Update: August 25, 2021
The House passed the Budget Resolution on August 24. This is not the end! This is the kick-off of the work on the details.
The Budget Resolution tells the Committees how much funding they have available to invest in the care infrastructure. House and Senate Committees only have until September 15 to assemble those details!
We will work together to make sure they know that with this funding it is time to solve child care. You can start today: https://nafcc.org/our-work/public-policy-and-advocacy/take-action/solvechildcare/
August 11, 2021
On August 11, the U.S. Senate approved a federal Budget Resolution.
In a more ordinary year, the Budget Resolution tells the appropriations committees how much money they each can work with, and together we do the annual advocacy of investments in the Child Care and Development Block Grant and Head Start.
But this has been no ordinary year, Members of Congress can no longer ignore that child care is infrastructure. Parents can’t go to work without child care and child caregiving requires people like NAFCC members who are able to open, stay open, be healthy and well and compensated and valued for the crucial role they play.
This year, the Budget Resolution is something much more. The Budget Resolution is giving specific instructions to a variety of Congressional Committees to invest a specific amount of dollars in a short list of issues under that committee’s reach. These committees would have until September 15 to pull together their details.
The Senate Health Education Labor and Pensions Committee has jurisdiction over the federal child care law and Head Start. They would be getting instructions from the Budget Resolution to do details on child care for working families and on universal preK. They’re to do this with an understanding that Head Start funding will continue.
“The Senate is taking a crucial step in ensuring that we invest in and prioritize child care infrastructure. America needs high-quality and affordable child care so parents can work inside and outside the home. And early care educators should be safe, healthy and earn a living wage to provide the service our communities rely on and take care of their own families. The health and livelihood of family child care providers are on the line and we simply cannot continue to piecemeal solutions.
“Our children, families, employers and whole communities bear the brunt every single day we don’t invest in child care. Let’s forge a new path in building an early care and education system that reaches every child and values everyone working in family child care programs. We’re advocating for smart policies that help family child care to thrive.”
This is our chance at a “better way forward” and to “build it back better”. All the calls-to-action in recent months and all the things we feel in our hearts are given a chance right now.
But the details!
This is our chance to hold tight to all the times someone has said “mixed delivery” and all the times someone has agreed “yes, child care is early learning.” This is the time to make sure people are talking about the power of family child care.
When we say a better way forward, what NAFCC means is this: a better way is one that has family child care providers in it, one they want to be a part of, one they helped design, one where they’re most certainly valued, and children and families are getting what they need because family child care providers are in it.
The Budget Resolution gives a dollar amount and some directions to each committee.
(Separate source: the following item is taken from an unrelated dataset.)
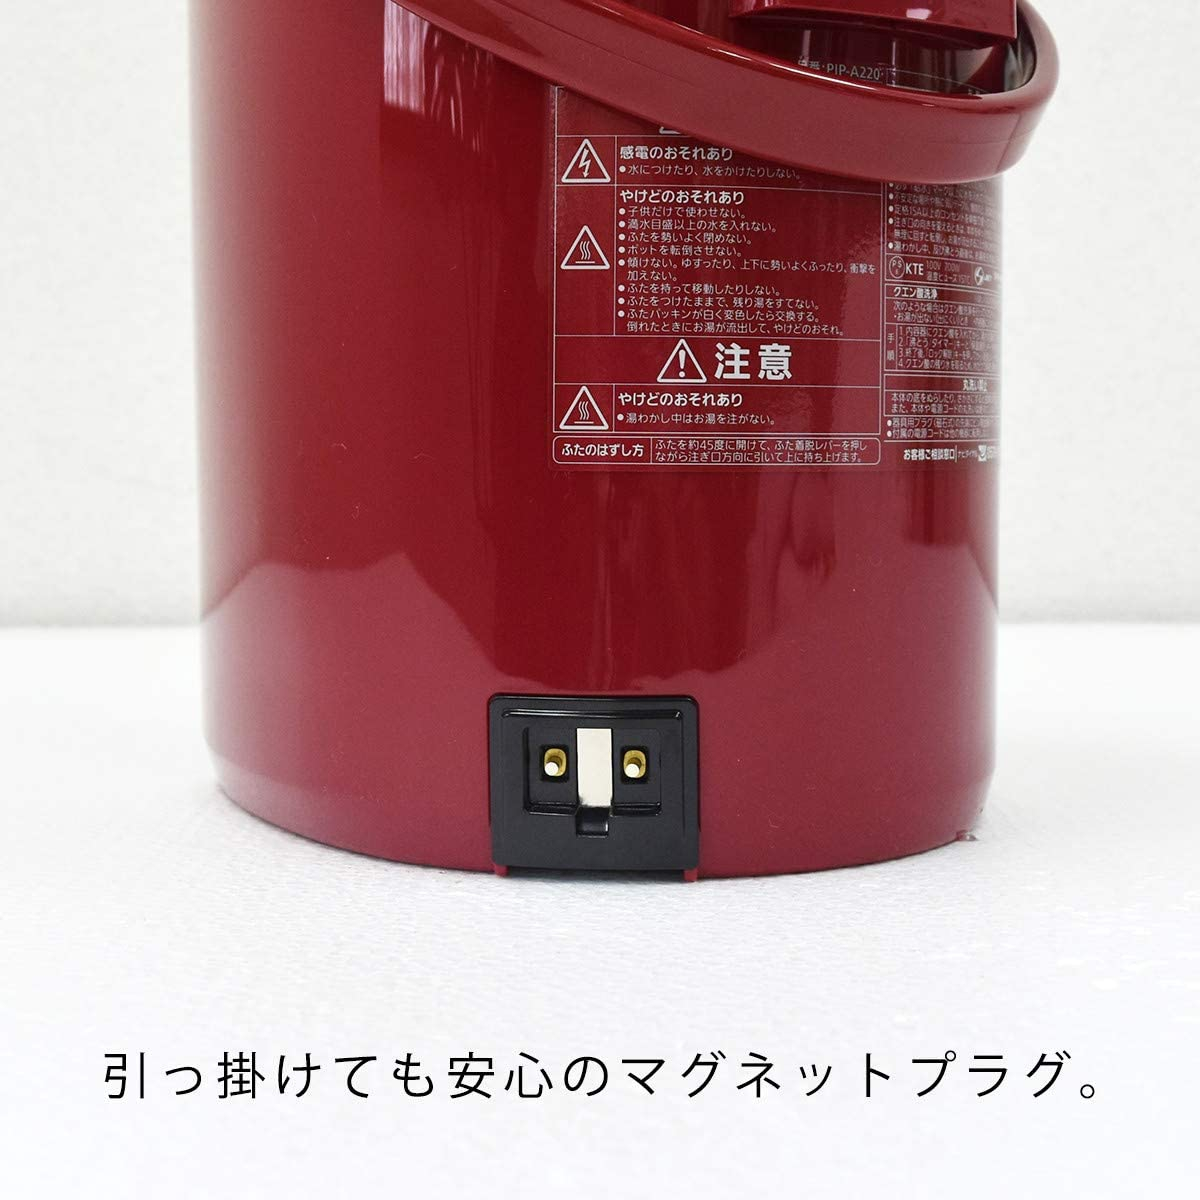 TIGER(タイガー)蒸気レスVE電気まほうびん PIP-A220の商品画像8

The specific details are to come – and to be shaped by all of us together.
NAFCC is calling on Congress to:
- Invest in the early childhood workforce – healthy and well, diverse, and generously compensated;
- Invest in ways that are equitably distributed;
- Invest where children are. Child care is early learning and early learning is child care;
- Invest so that self-employed early childhood educators in family child care homes have paid leave, health care, retirement plans.
The Senate passed the Budget Resolution and the next step is a vote in the House of Representatives. The Members of the House are in their home districts now but will return to Washington, DC on August 23.